§ Problem details
Leave out the pictures and reproduce all of the data exactly.

§ Information shown
::::::::::
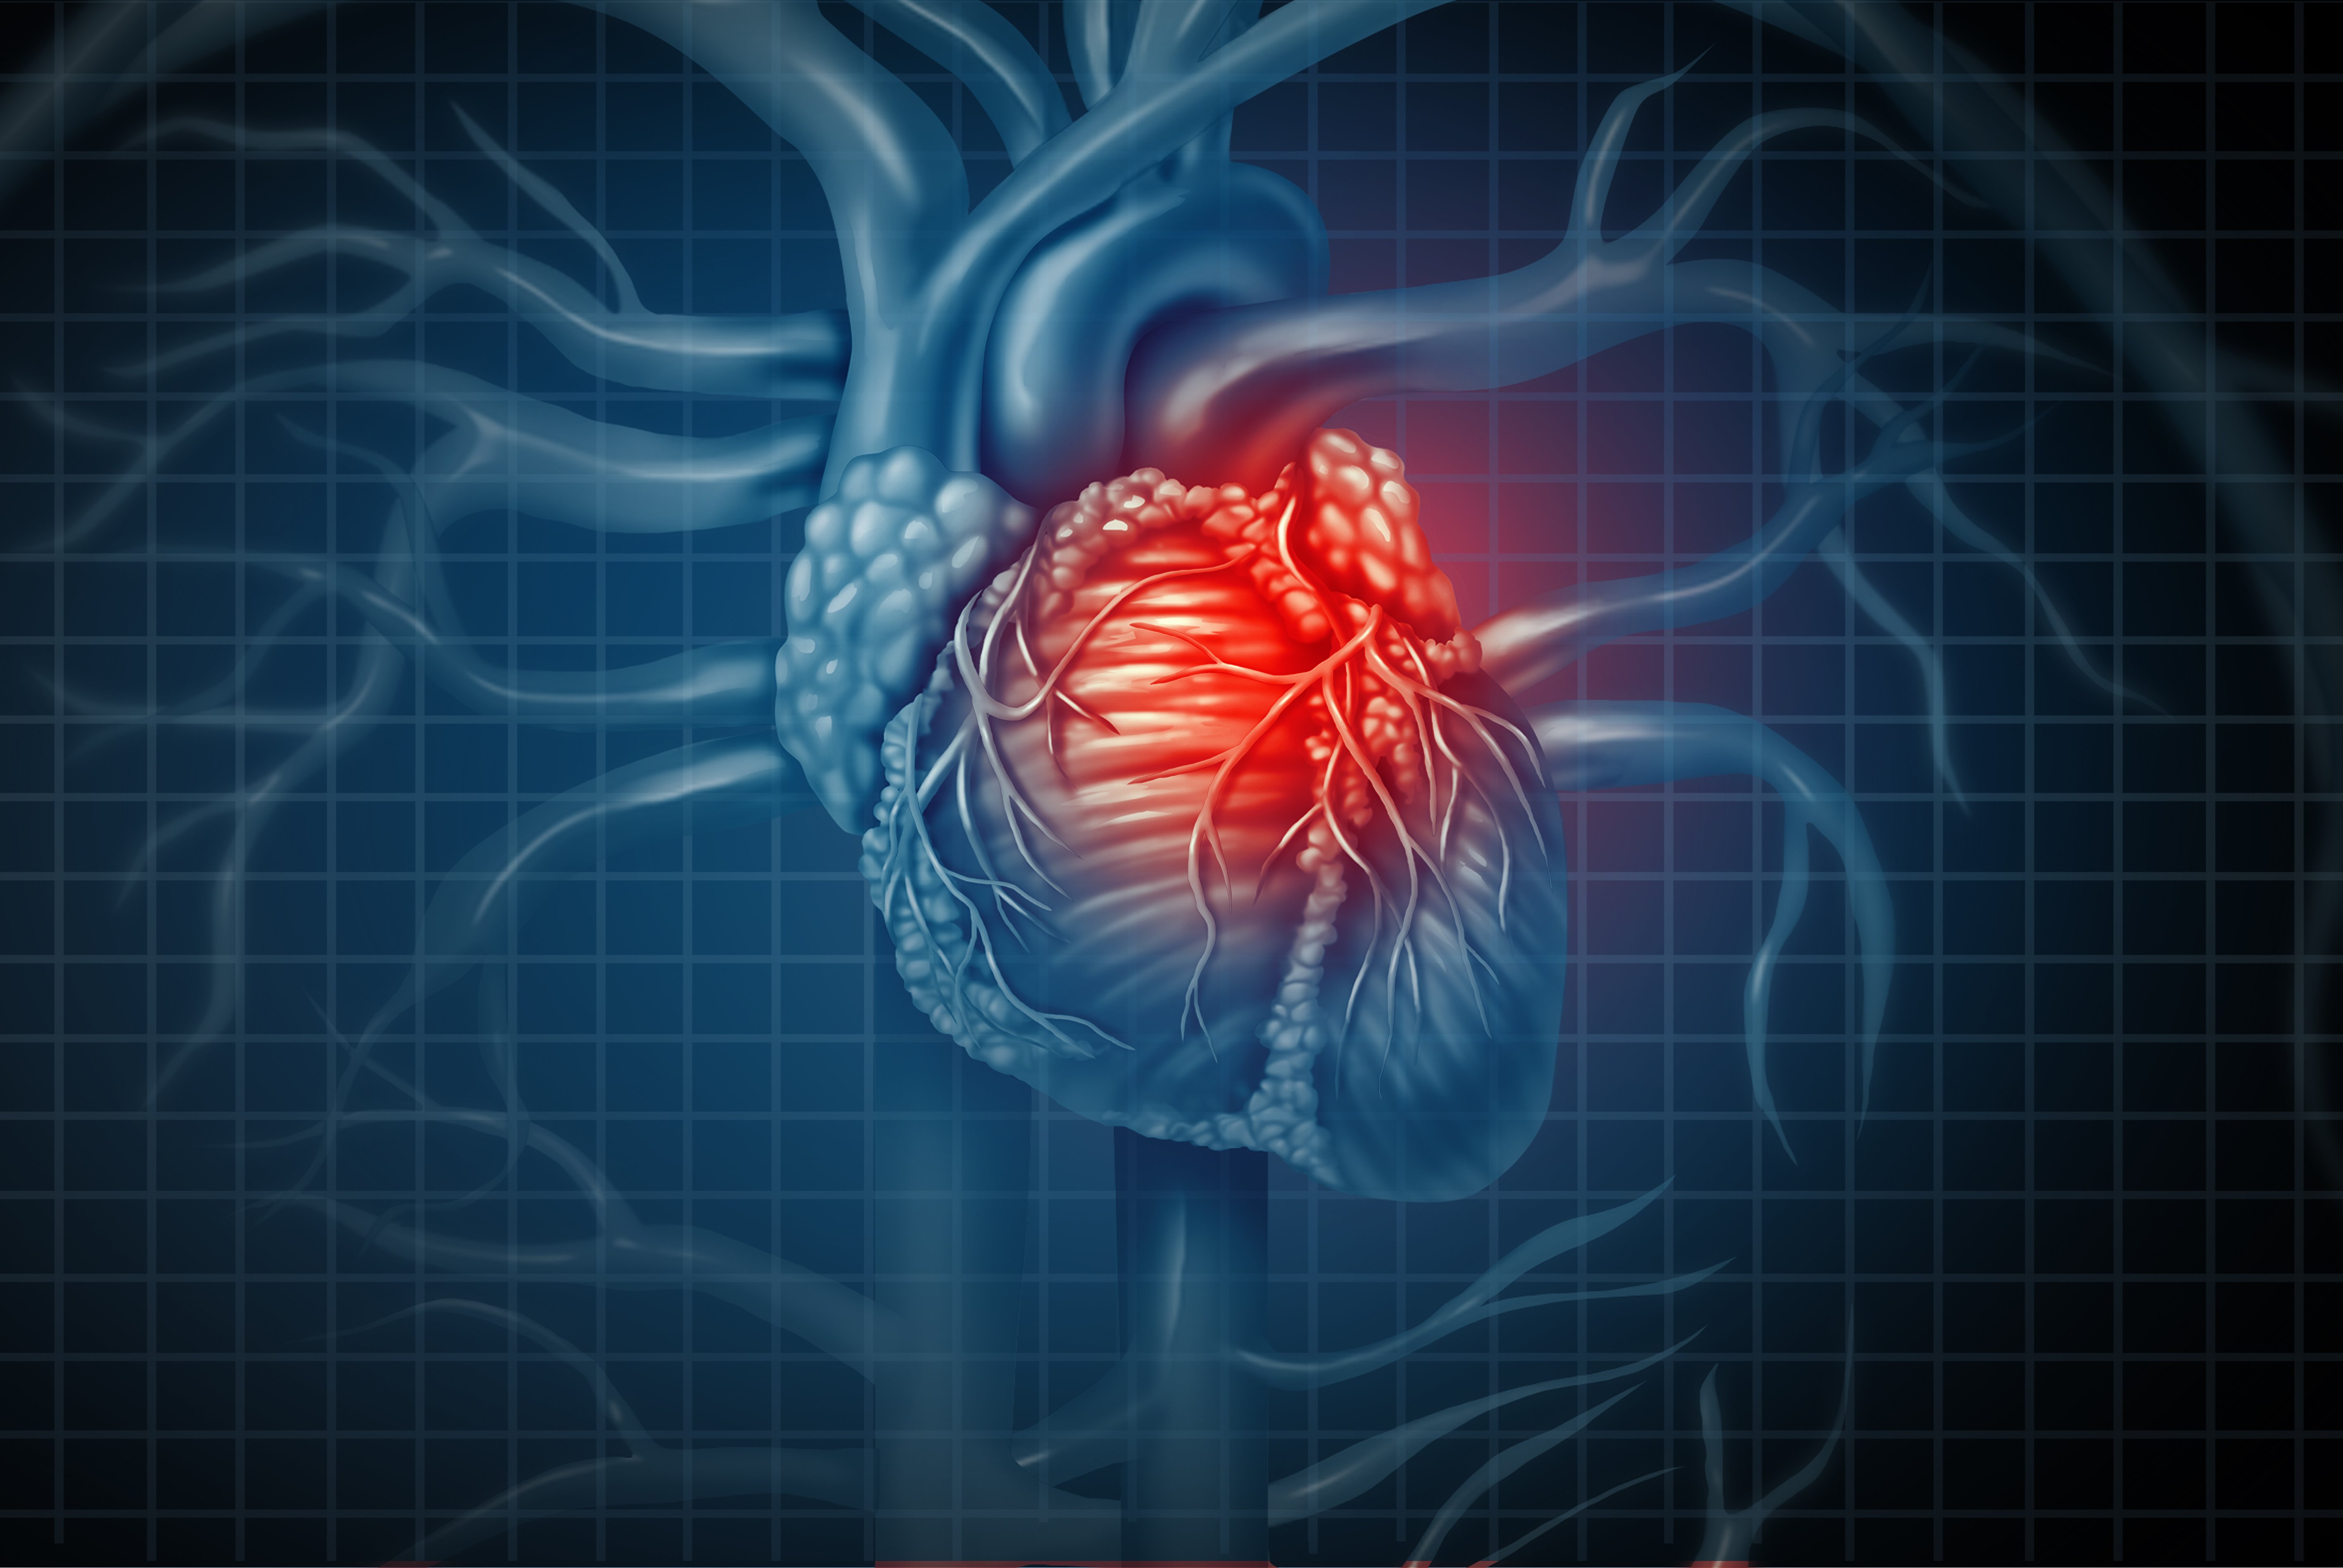 Critical Care Alert: Coronary Angiography after Cardiac Arrest without
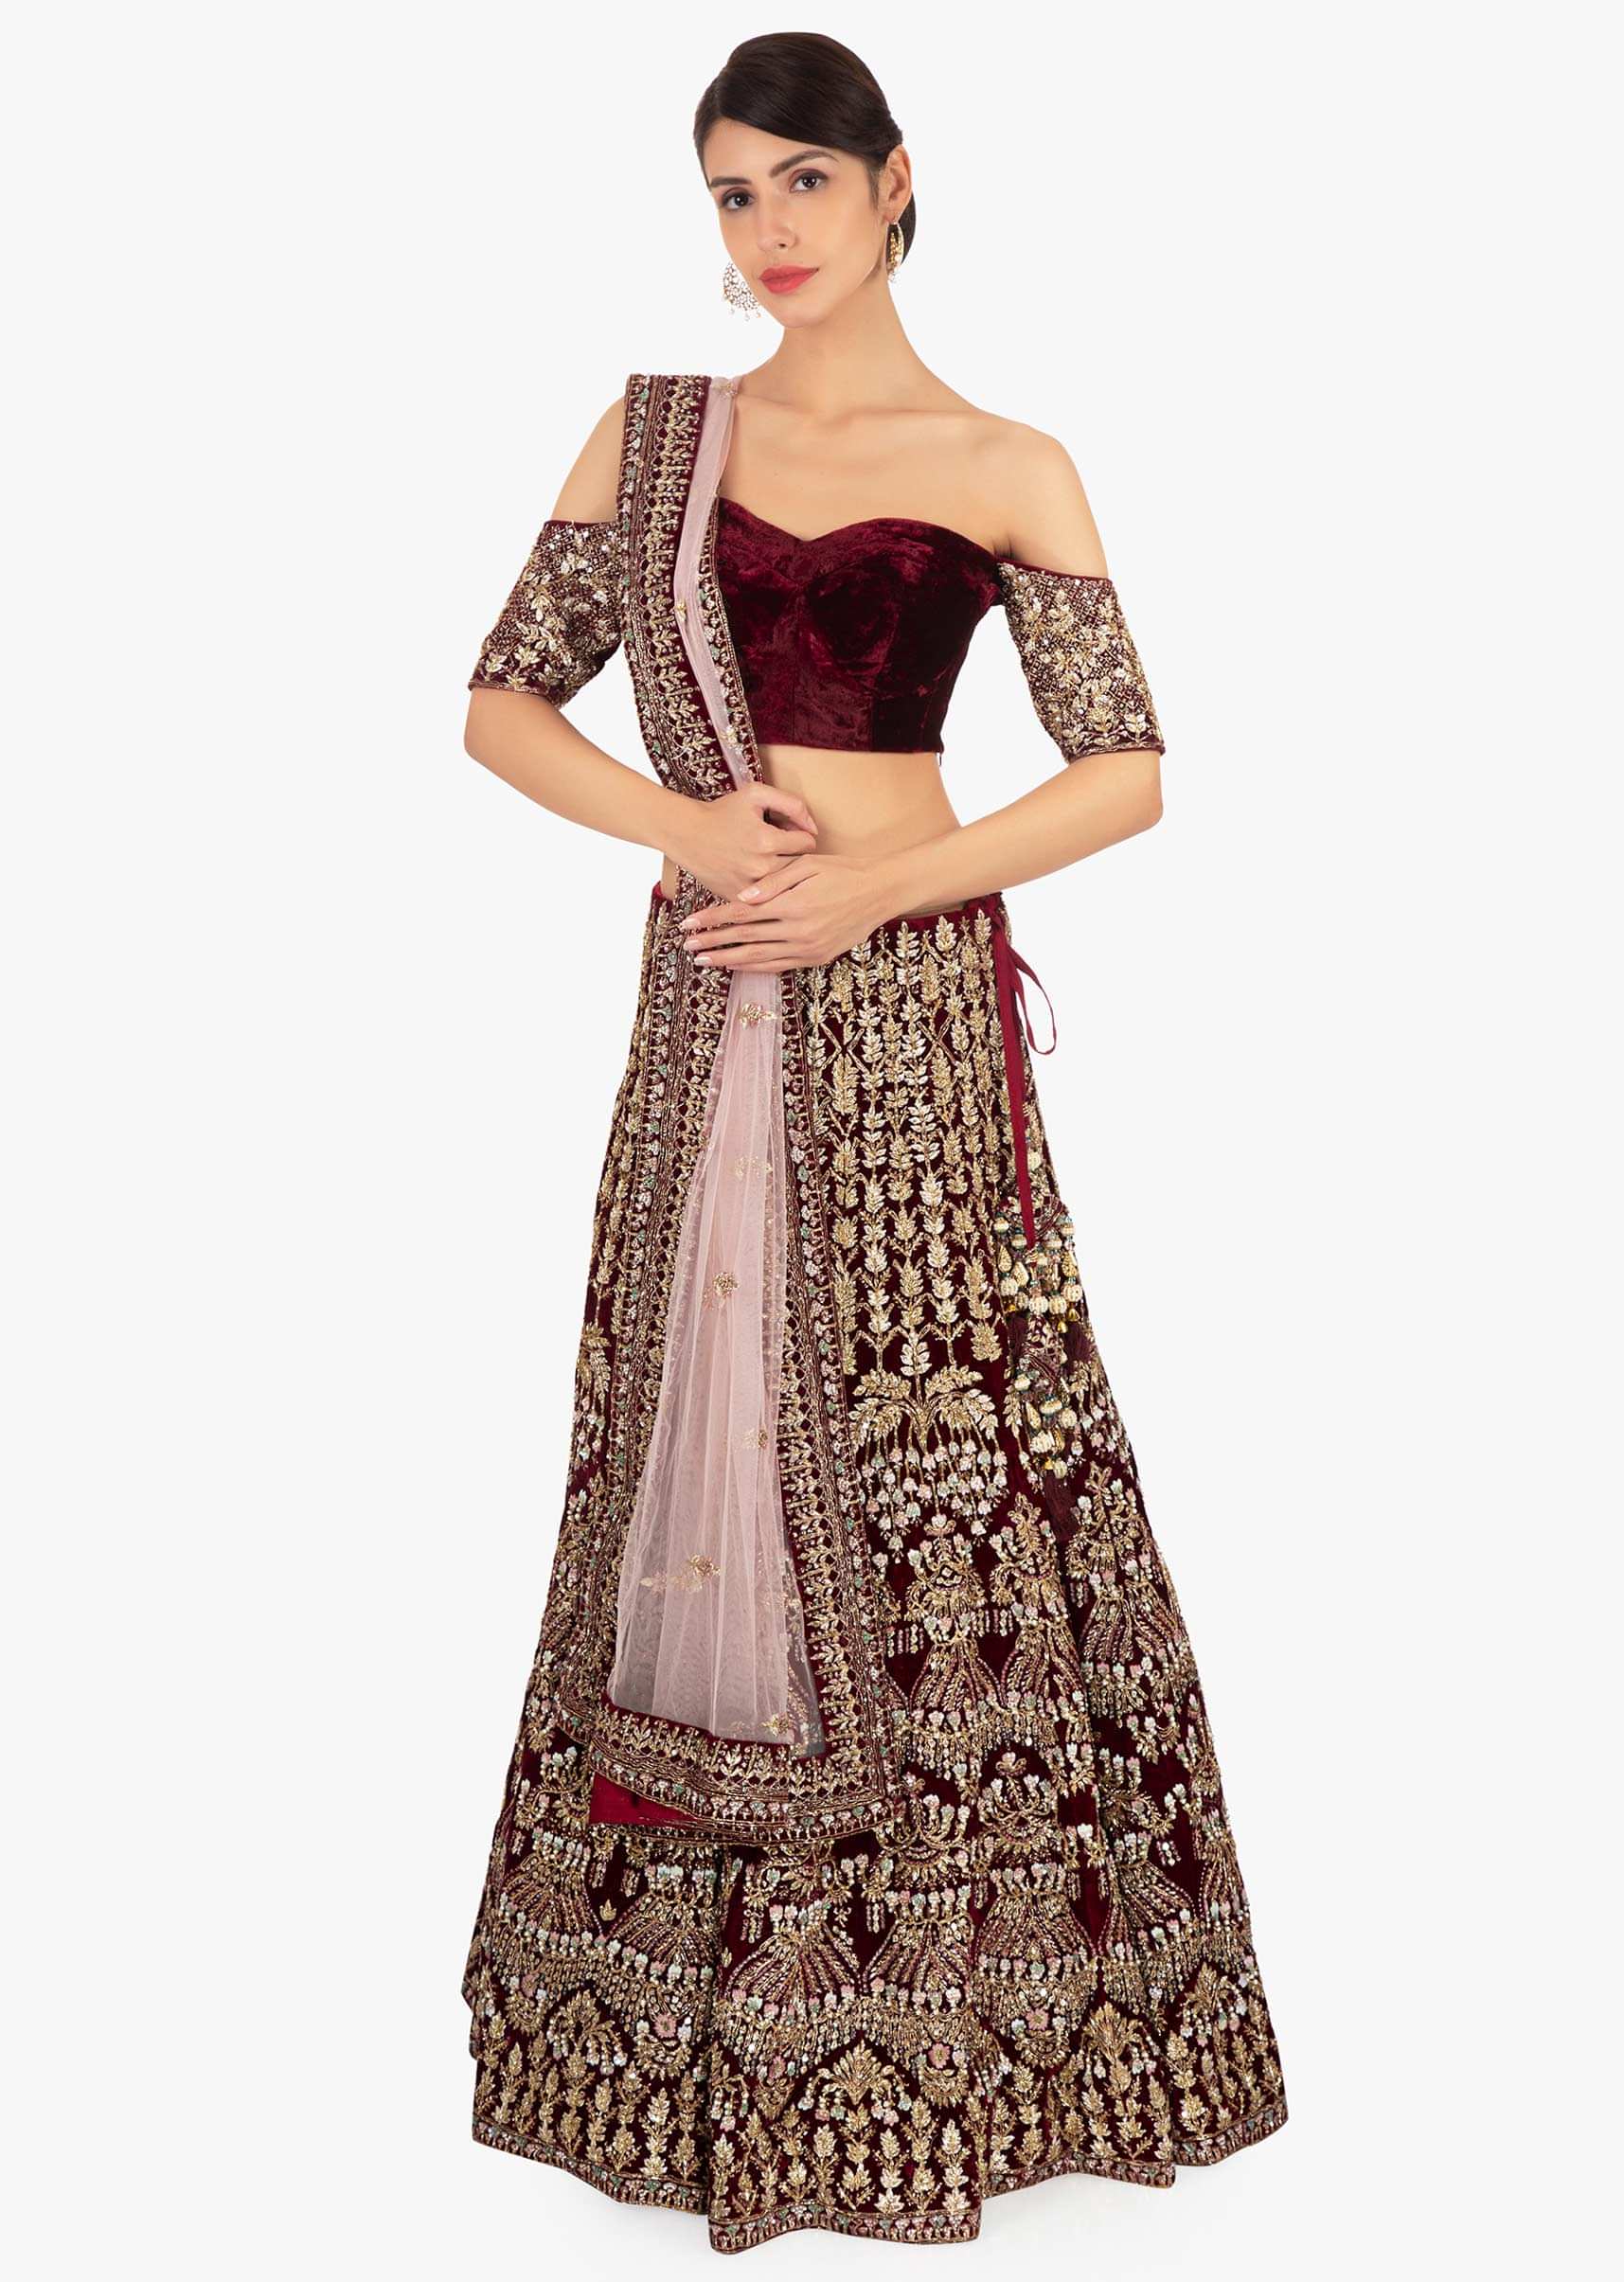 Maroon off shoulder blouse paired with embellished lehenga and pink net dupatta
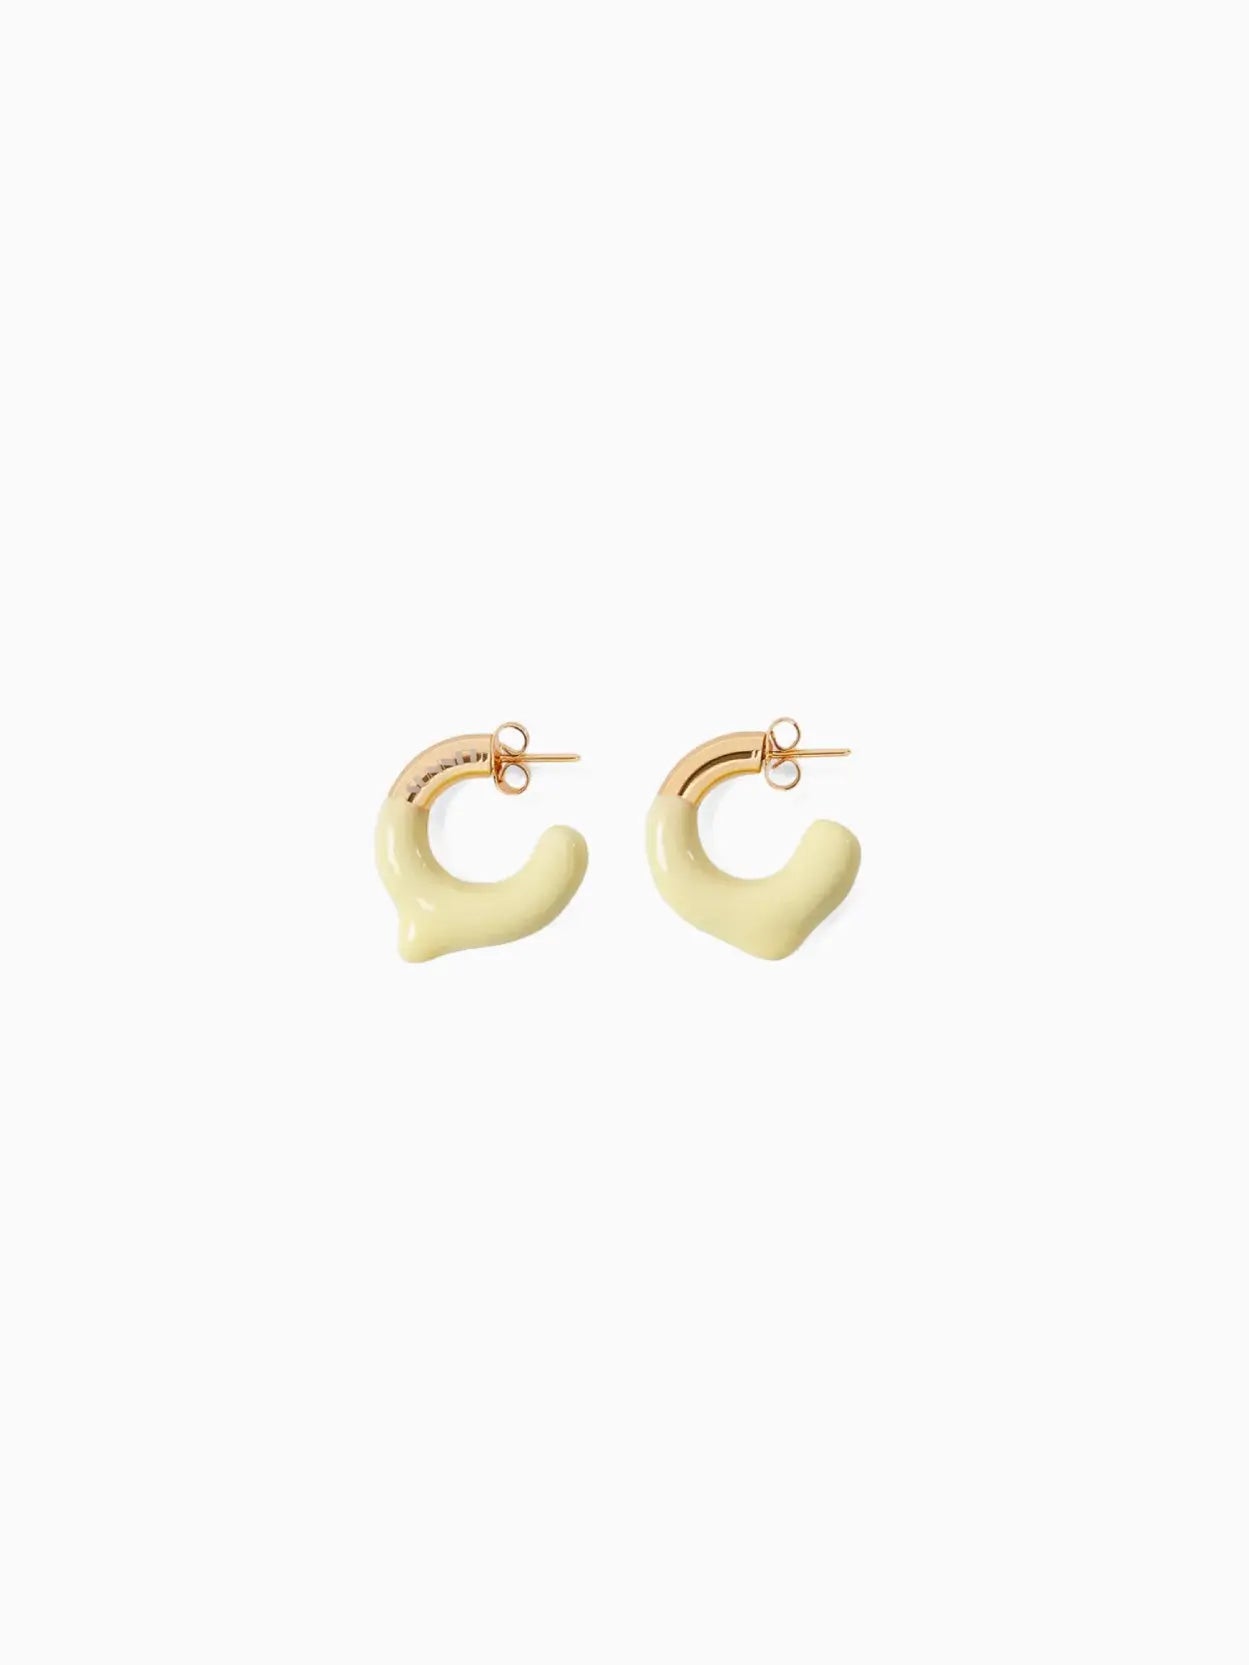 A pair of contemporary Rubberized Small Earrings by Sunnei featuring a unique, smooth, abstract shape. The earrings have a gold-toned attachment with a yellowish, irregularly curved resin design, giving them a modern and artistic appearance. Available at BassalStore in Barcelona. The background is plain white.
::::::::::
§ The answer
 Critical Care Alert: Coronary Angiography after Cardiac Arrest without
 Maroon off shoulder blouse paired with embellished lehenga and pink net dupatta
 A pair of contemporary Rubberized Small Earrings by Sunnei featuring a unique, smooth, abstract shape. The earrings have a gold-toned attachment with a yellowish, irregularly curved resin design, giving them a modern and artistic appearance. Available at BassalStore in Barcelona. The background is plain white.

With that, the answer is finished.